Ayala Izurieta Johanna Elizabeth, Márquez Carmen Omaira, García Víctor Julio, Jara Santillán Carlos Arturo, Sisti Jorge Marcelo, Pasqualotto Nieves, Van Wittenberghe Shari, Delegido Jesús
Image Processing Laboratory (IPL), University of Valencia, 46980, Paterna, Valencia, Spain.
Faculty of Engineering, National University of Chimborazo, Riobamba, 060150, Ecuador.
Carbon Balance Manag. 2021 Oct 24;16(1):32. doi: 10.1186/s13021-021-00195-2.
Soil organic carbon (SOC) affects essential biological, biochemical, and physical soil functions such as nutrient cycling, water retention, water distribution, and soil structure stability. The Andean páramo known as such a high carbon and water storage capacity ecosystem is a complex, heterogeneous and remote ecosystem complicating field studies to collect SOC data. Here, we propose a multi-predictor remote quantification of SOC using Random Forest Regression to map SOC stock in the herbaceous páramo of the Chimborazo province, Ecuador.
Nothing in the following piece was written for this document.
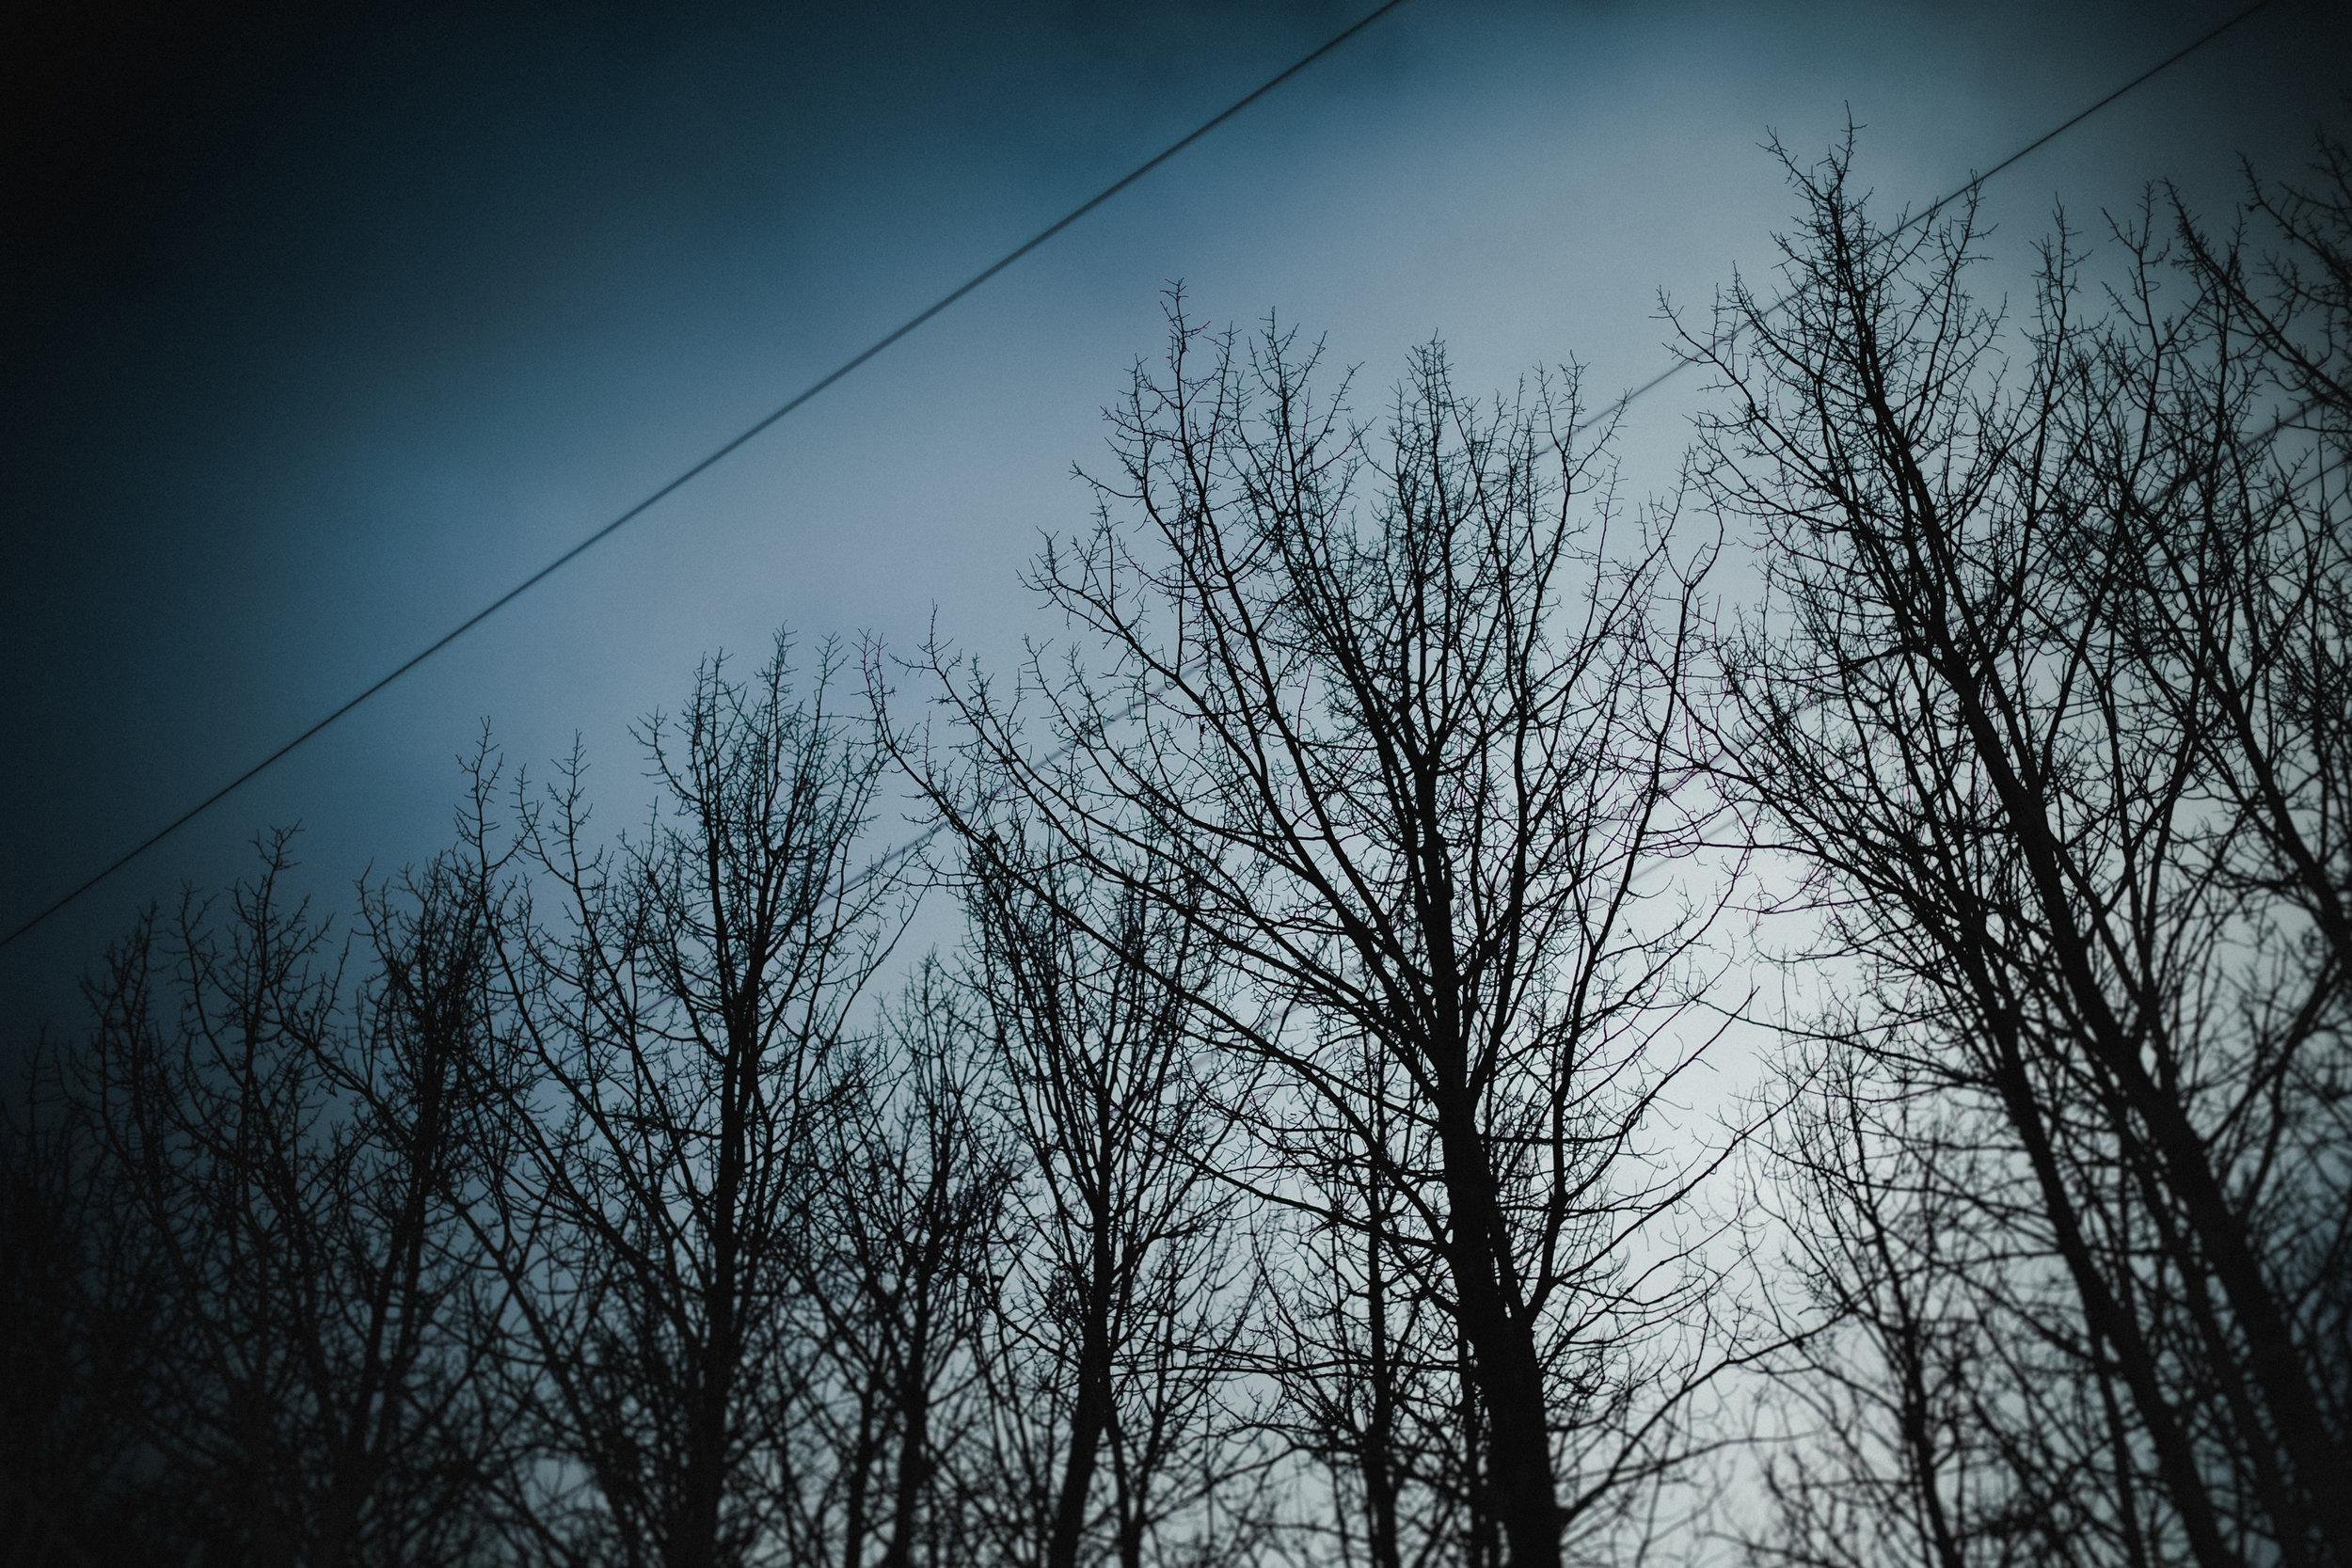 @ThisAlexTakesPics-Instagram-Trees and dark clouds-6.jpg

Spectral indices derived from the Landsat-8 (L8) sensors, OLI and TIRS, topographic, geological, soil taxonomy and climate variables were used in combination with 500 in situ SOC sampling data for training and calibrating a suitable predictive SOC model. The final predictive model selected uses nine predictors with a RMSE of 1.72% and a R of 0.82 for SOC expressed in weight %, a RMSE of 25.8 Mg/ha and a R of 0.77 for the model in units of Mg/ha. Satellite-derived indices such as VARIG, SLP, NDVI, NDWI, SAVI, EVI2, WDRVI, NDSI, NDMI, NBR and NBR2 were not found to be strong SOC predictors. Relevant predictors instead were in order of importance: geological unit, soil taxonomy, precipitation, elevation, orientation, slope length and steepness (LS Factor), Bare Soil Index (BI), average annual temperature and TOA Brightness Temperature.
Variables such as the BI index derived from satellite images and the LS factor from the DEM increase the SOC mapping accuracy. The mapping results show that over 57% of the study area contains high concentrations of SOC, between 150 and 205 Mg/ha, positioning the herbaceous páramo as an ecosystem of global importance. The results obtained with this study can be used to extent the SOC mapping in the whole herbaceous ecosystem of Ecuador offering an efficient and accurate methodology without the need for intensive in situ sampling.
土壤有机碳(SOC)影响着土壤的基本生物学、生物化学和物理功能,如养分循环、保水、水分分布以及土壤结构稳定性。安第斯帕拉莫生态系统以其高碳和高储水能力而闻名,是一个复杂、异质且偏远的生态系统,这使得收集SOC数据的实地研究变得复杂。在此,我们提出使用随机森林回归对SOC进行多预测因子遥感定量,以绘制厄瓜多尔钦博拉索省草本帕拉莫地区的SOC储量图。
利用来自Landsat - 8(L8)传感器OLI和TIRS的光谱指数、地形、地质、土壤分类和气候变量,并结合500个现场SOC采样数据,用于训练和校准合适的SOC预测模型。最终选定的预测模型使用九个预测因子,以重量百分比表示的SOC的均方根误差(RMSE)为1.72%,相关系数(R)为0.82;以Mg/ha为单位的模型RMSE为25.8 Mg/ha,R为0.77。未发现诸如VARIG、SLP、NDVI、NDWI、SAVI、EVI2、WDRVI、NDSI、NDMI、NBR和NBR2等卫星衍生指数是强大的SOC预测因子。相反,相关预测因子按重要性排序为:地质单元、土壤分类、降水量、海拔、方位、坡长和坡度(LS因子)、裸土指数(BI)、年均温度和大气顶层亮度温度。
诸如卫星图像衍生的BI指数和数字高程模型(DEM)的LS因子等变量提高了SOC制图的准确性。制图结果表明,研究区域超过57%的面积含有高浓度的SOC,介于150至205 Mg/ha之间,这表明草本帕拉莫是一个具有全球重要性的生态系统。本研究获得的结果可用于扩展厄瓜多尔整个草本生态系统的SOC制图,提供一种无需密集现场采样的高效且准确的方法。